O Transtorno do Déficit de Atenção e Hiperatividade (TDAH) é uma condição que afeta milhões de pessoas em todo o mundo. Mas como diagnosticar o TDAH da forma certa e garantir o melhor suporte aos pacientes?

Para tirar essa dúvida, no texto de hoje, vamos explicar a jornada do diagnóstico do TDAH. Passando pelos critérios e considerações essenciais, como entender os diferentes tipos de TDAH de acordo com o DSM-5 e discutir as abordagens adequadas para uma avaliação abrangente. 

Então, se você busca melhorar suas habilidades profissionais e entender como um psicólogo deve enfrentar esse desafio, este conteúdo é para você!

Os três tipos de TDAH de acordo com o DSM-5

Antes de nos aprofundarmos no diagnóstico, é crucial entender os três tipos de TDAH de acordo com o DSM-5. Por isso, vamos falar de cada um em separado para você saber diferenciar na hora de diagnosticar o TDAH:

Desatenção predominante

Neste tipo de TDAH, como o próprio nome diz, o indivíduo tem dificuldade em focar nas atividades que realiza. Ele não apresenta sintomas de agitação, mas sempre se mostra desatento com o que acontece ao redor.

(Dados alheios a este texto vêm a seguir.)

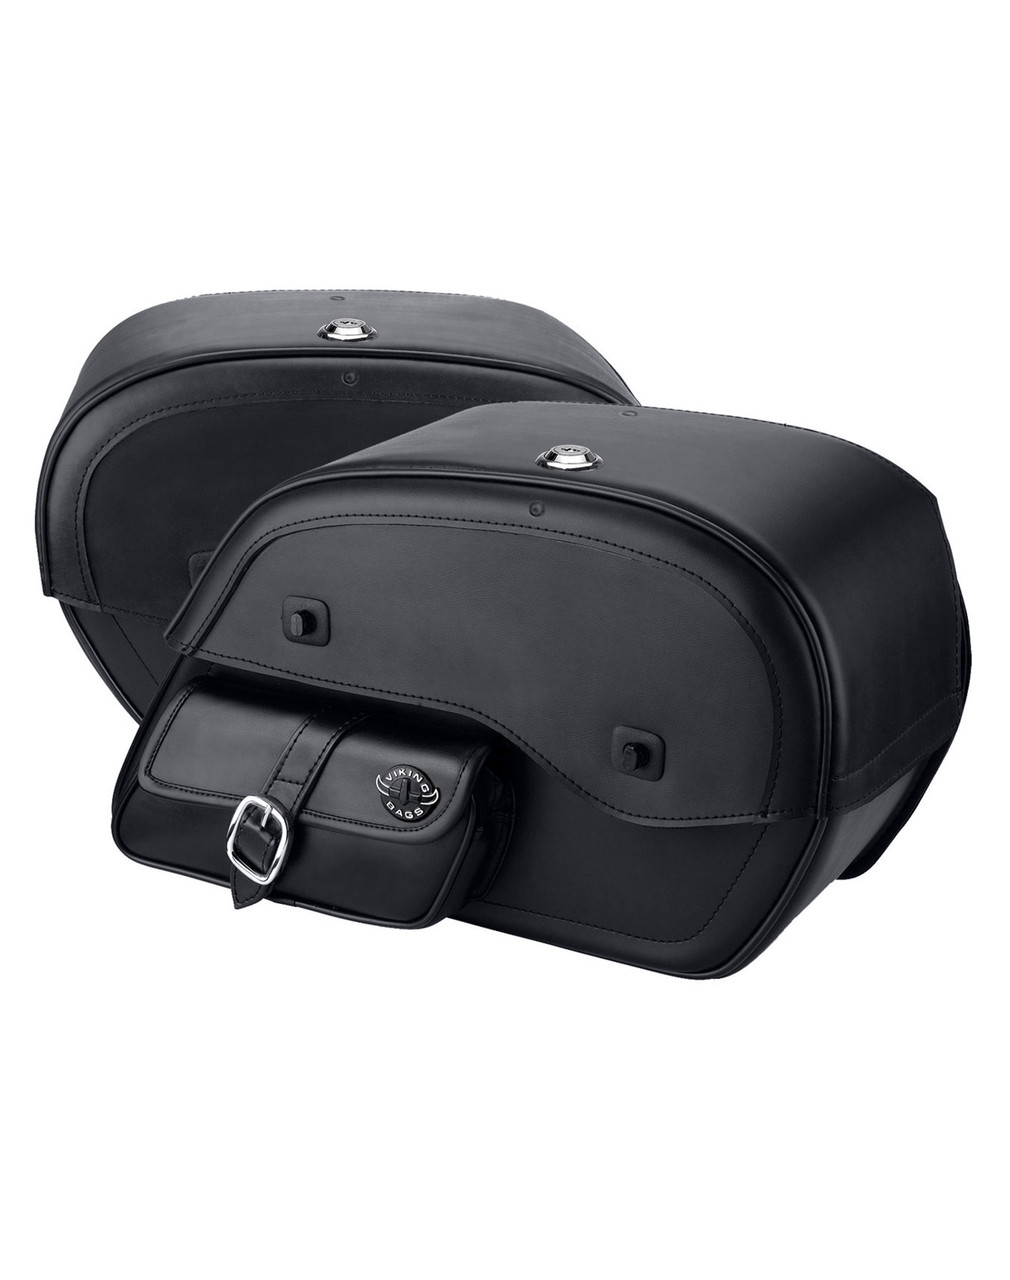 Viking Side Pocket Large Motorcycle Saddlebags For Harley Softail Cross Bones FLSTSB Both Bags View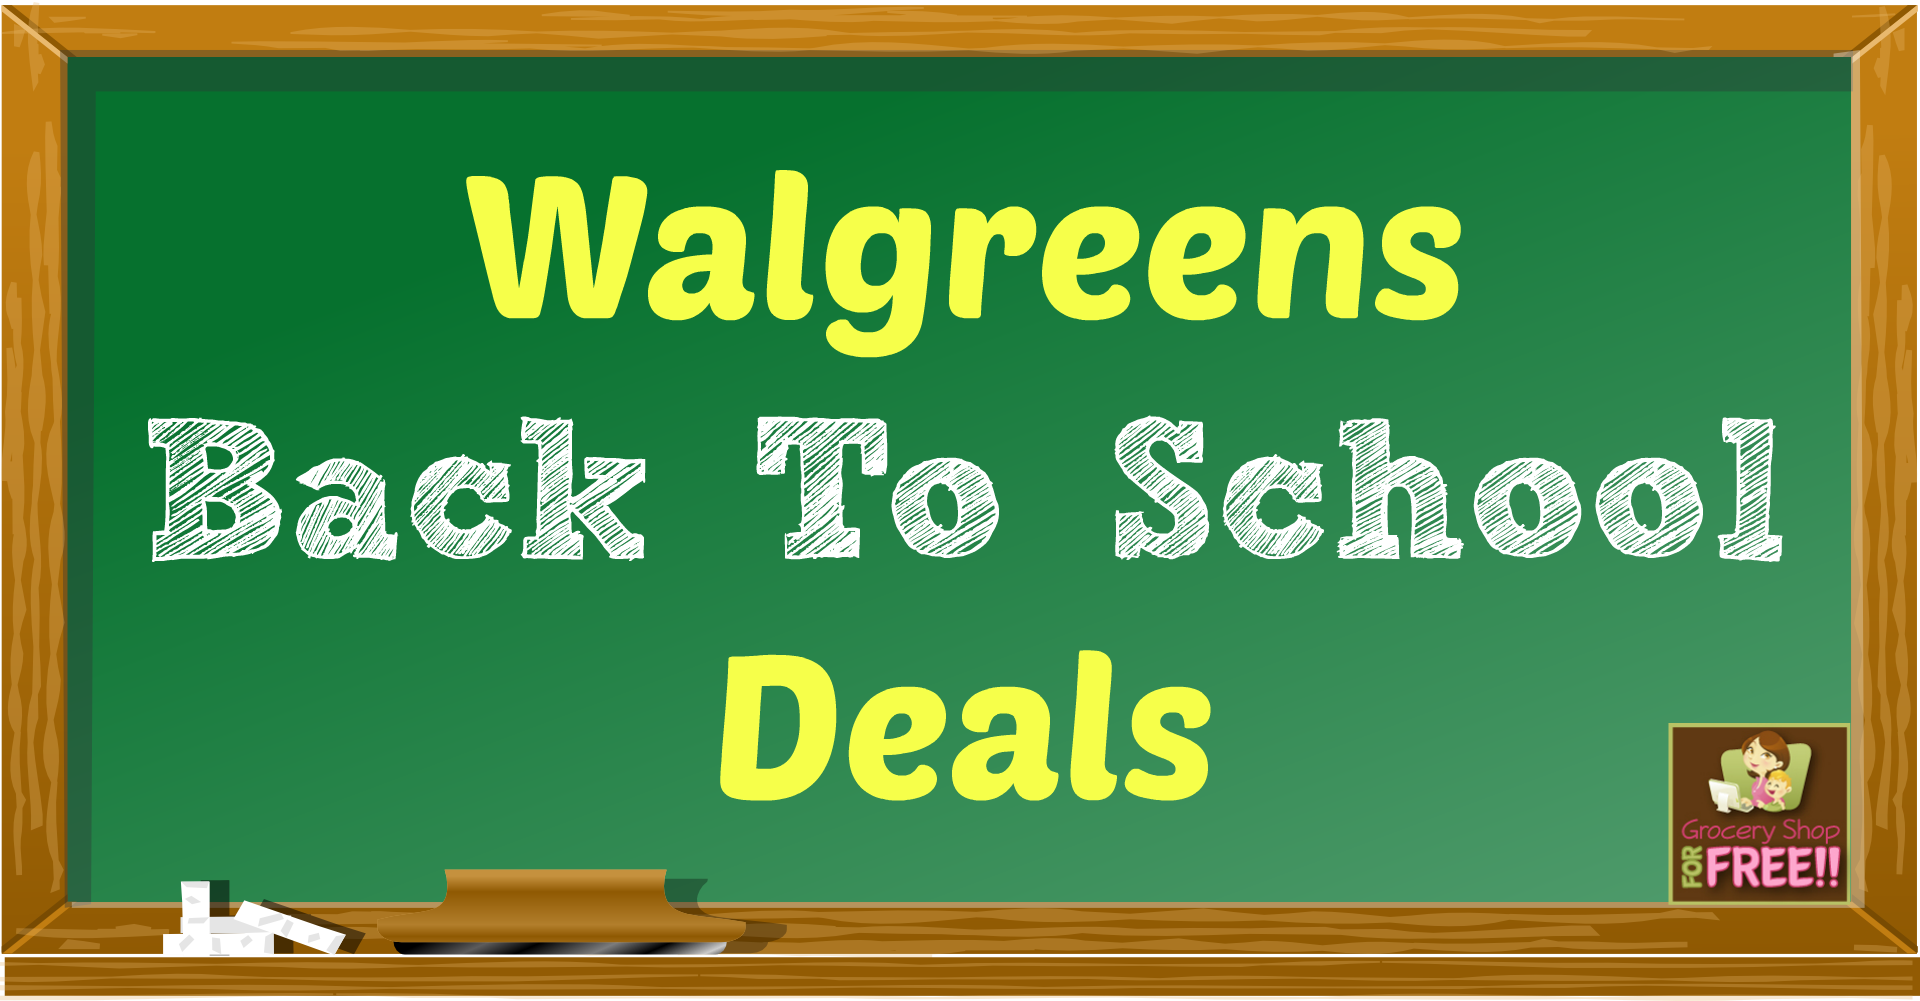 Walgreens Back To School ofertas! Back to school deals

Aqui estão algumas condutas que o paciente com TDAH do tipo desatento costuma ter:

  • Falha em prestar atenção a detalhes;
  • Comete erros por descuido em atividades escolares, de trabalho, ou outras;
  • Parece não estar ouvindo quando falam com ele;
  • Não segue instruções e não conclui tarefas ou deveres dentro do prazo, pois esquece;
  • Dificuldade em organizar tarefas e atividades;
  • Evita ou reluta em se envolver em tarefas que demandam esforço mental contínuo;
  • Perde objetos com frequência;;
  • Se distrai fácil com estímulos externos;

Hiperatividade/impulsividade predominante

Aqui, a hiperatividade é o sintoma central, e se manifesta por inquietude, agitação motora e dificuldade em ficar parado. Além disso, há sinais de impulsividade, ou seja, tomada de decisões precipitadas e interrupção frequente de conversas.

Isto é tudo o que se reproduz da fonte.